This session, the Supreme Court will hear, among other cases, Friedrichs v California Teachers Association.
On Jan 11 the court will hear arguments on whether public employees can be required to join a union or pay it a fee for collective-bargaining services.
The lawsuit contends such agreements violate First Amendment protections.
The argument is that, with public service unions, such fees also are political speech, since the unions also push for this or that domestic policy with their bargaining counterpart, the government, and there’s no way to separate out the union monies spent for bargaining outcome from those spent for political lobbying.
Such “agreements” (because paying the “fees” isn’t at all a voluntarily entered into arrangement, but a condition of having the job at all) go beyond that, though. They’re also a taking under principle of the 5th Amendment. Even though that Amendment binds the government and not private entities regarding takings, it’s not too far a stretch to apply it to the quasi-government entities of public service unions. Withal, the principle is valid, even if the Amendment itself is not strictly applicable.

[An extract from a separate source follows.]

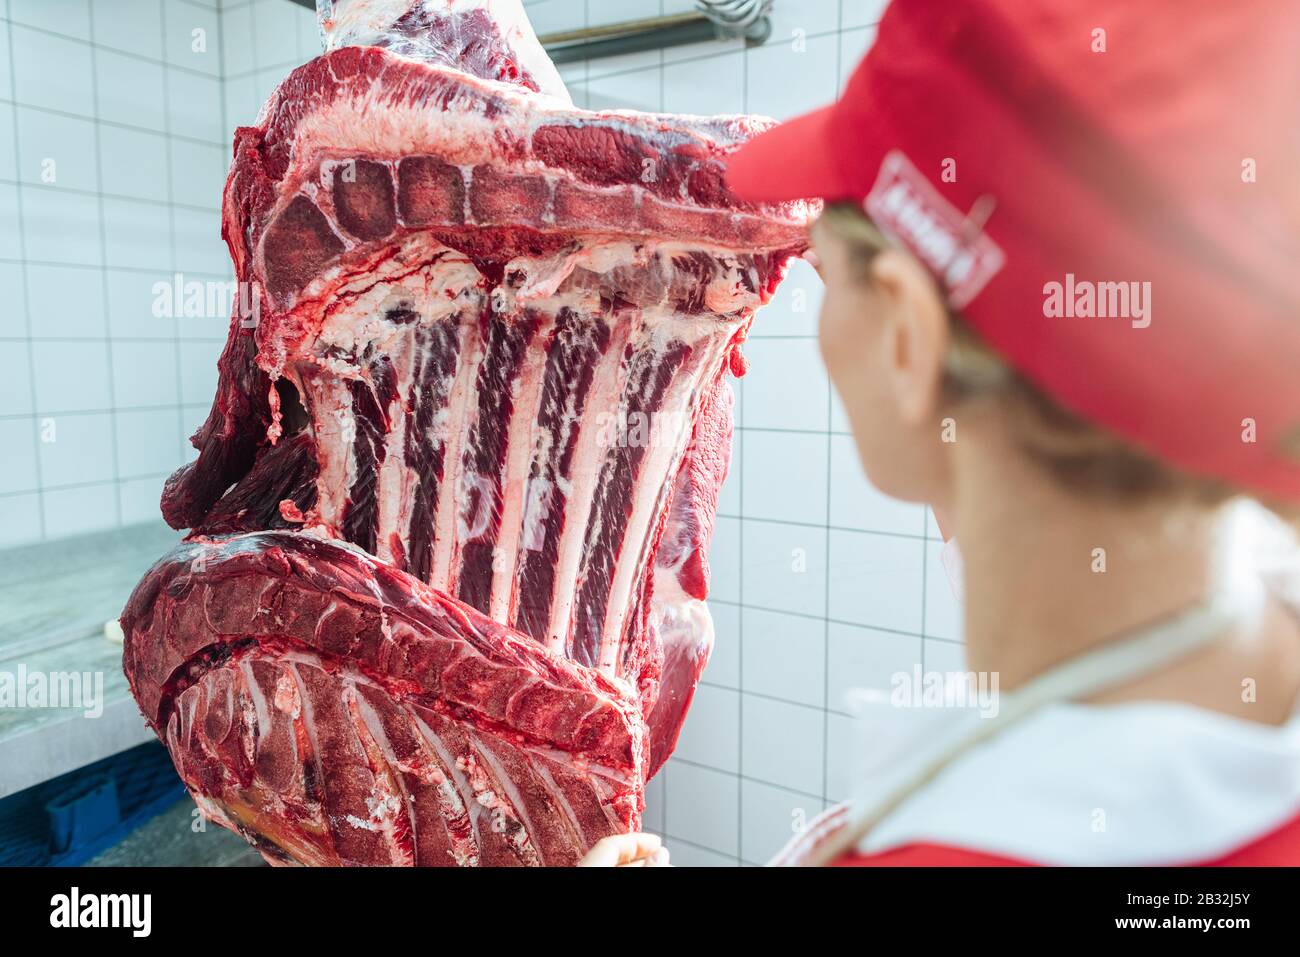 Carnicero mujer inspeccionando el pedazo de carne a procesar Foto de stock

Arguments in favor of the “fee” proceed from a false premise, too. “Fee” proponents argue that the payments are fair compensation for the union’s work in achieving an agreement for the nonmembers as well as the members. Of course, this is false on its face. The nonmembers are not represented by the union—that’s pretty obvious. As such, then, any arrangements between nonmembers and employers are strictly that: between the employer and the nonmember. If those arrangements look like what the union bargained for its members, oh well. They’re not required to be, and sometimes they are not.
Unions in Friedrichs also make the following argument:
If the suit prevails, public-employee unions say they could be crippled in about half the states that allow such agency shop clauses.
Couple things about that argument. One is that it may well be inconvenient to the unions (even extremely so), but that isn’t relevant. Either the “fees” are owed for the claimed services rendered, or they are not. The case should be decided on its merits, not on the basis of any supposed knock-on effects.
The other thing is this: so what?
The “closed shop” (only union members allowed to work) has been a mainstay of union labor strategy. The “bargaining fee” is simply a closed shop of a different flavor; the end result is forced support of the union. These tactics have provided life support to a patient which has been brain-dead for decades (the labor movement). Ultimately, it only further weakens the unions: Forced participation leads to resentment, and an errosion of solidarity.
Forced participation leads to resentment, and an errosion of solidarity.
Indeed. Just see the outcomes in Wisconsin and various California localities when folks were freed from union bondage.